Consider the following Barrier method to implement synchronization :
void barrier
{
P(s);
process_arrived++;
V(s);
while(process_arrived != 3);
P(s);
process_left++;
if(process_left == 3)
{
process_Arrived = 0;
process_left = 0;
}
V(s);
}
It is known that this code does not work because of a flaw, but I am not able to find the flaw.
答案 0 :(得分:1)
问题在于条件:if(process_left == 3)
如果立即连续使用两个屏障调用,可能会导致死锁。
最初,process_arrived和process_left将为' 0'。
当进程到达时,它会递增process_arrived并等待,直到达到最大进程数。之后,允许进程离开。
考虑以下情况:
P1来了,等到process_arrived变为3(当前process_arrived = 1)

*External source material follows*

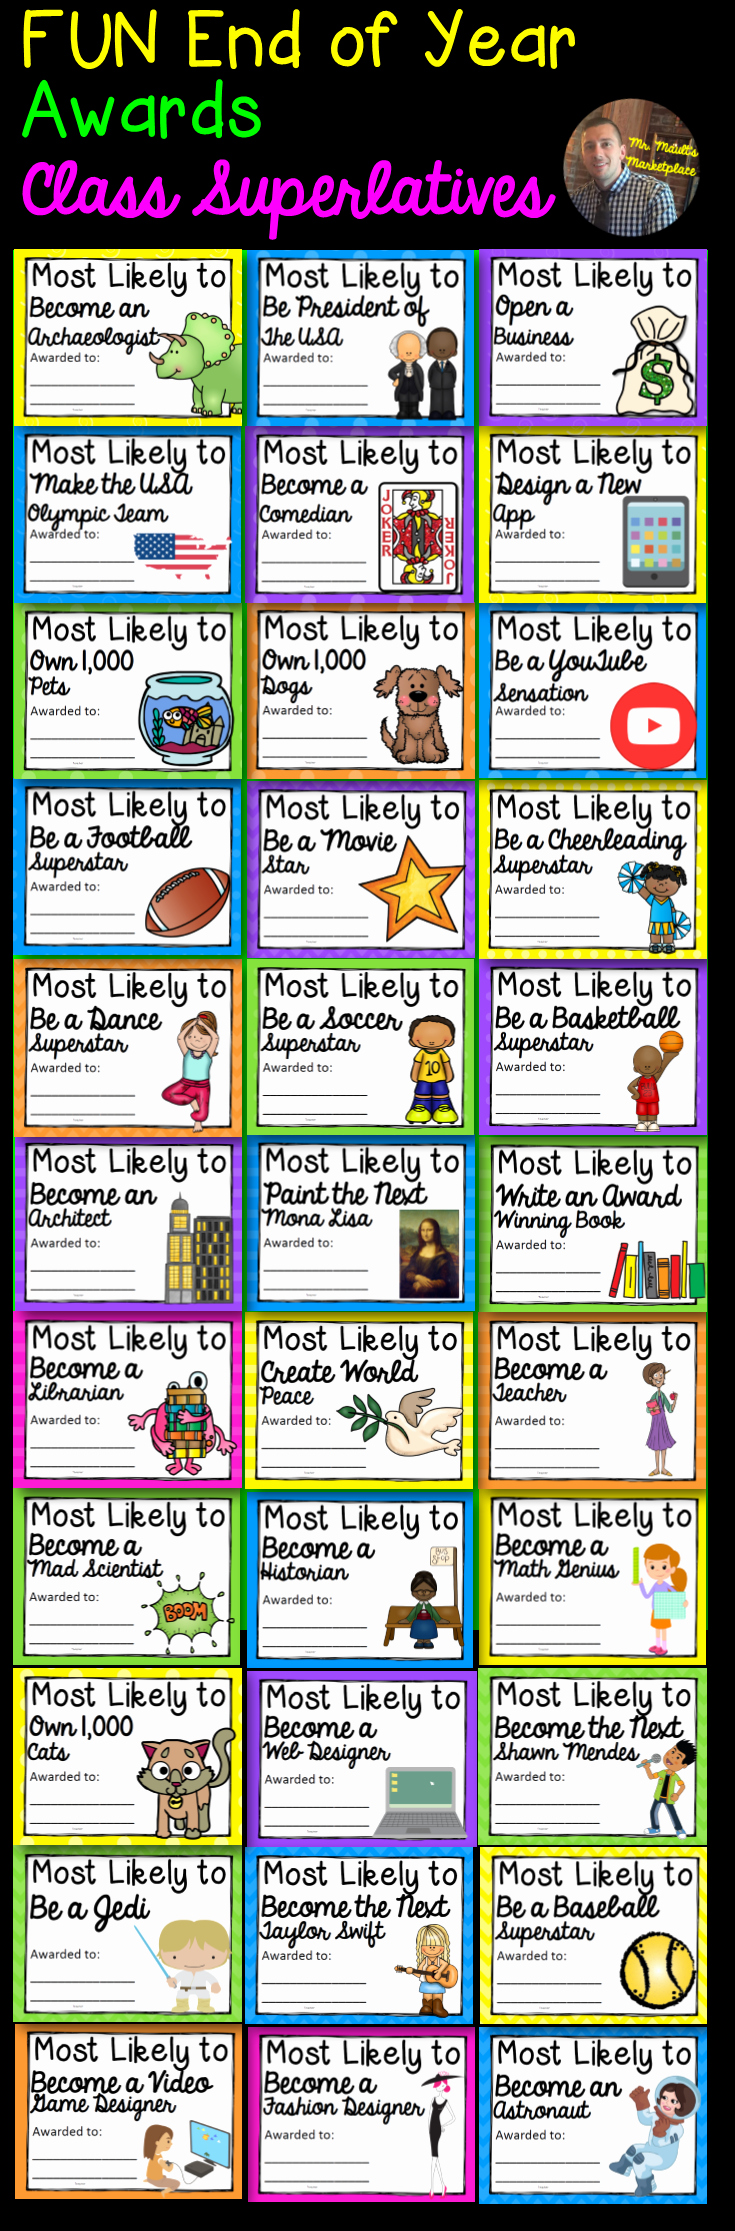 List Of Funny Awards for Students Lovely End Of Year Awards Fillable 62 Class Superlatives for

P2来等待,直到process_arrived变为3(当前process_Arrived = 2)
现在P3来执行。 while循环中的条件失败并进一步执行,使process_left = 1并再次立即进入函数
它使process_Arrived = 4并在while循环中等待。
P2有机会执行make process_left = 2并离开。
P1进一步执行并发现process_left = 3,从而使process_arrived和process_left都为0.(请记住,P3已经进入并且正在等待屏障,所以此处计数丢失)
P1再次执行,使process_arrived = 1并等待。
P2也会再次执行。使process_arrived = 2并等待。
现在每个进程都会等待。因此发生了僵局。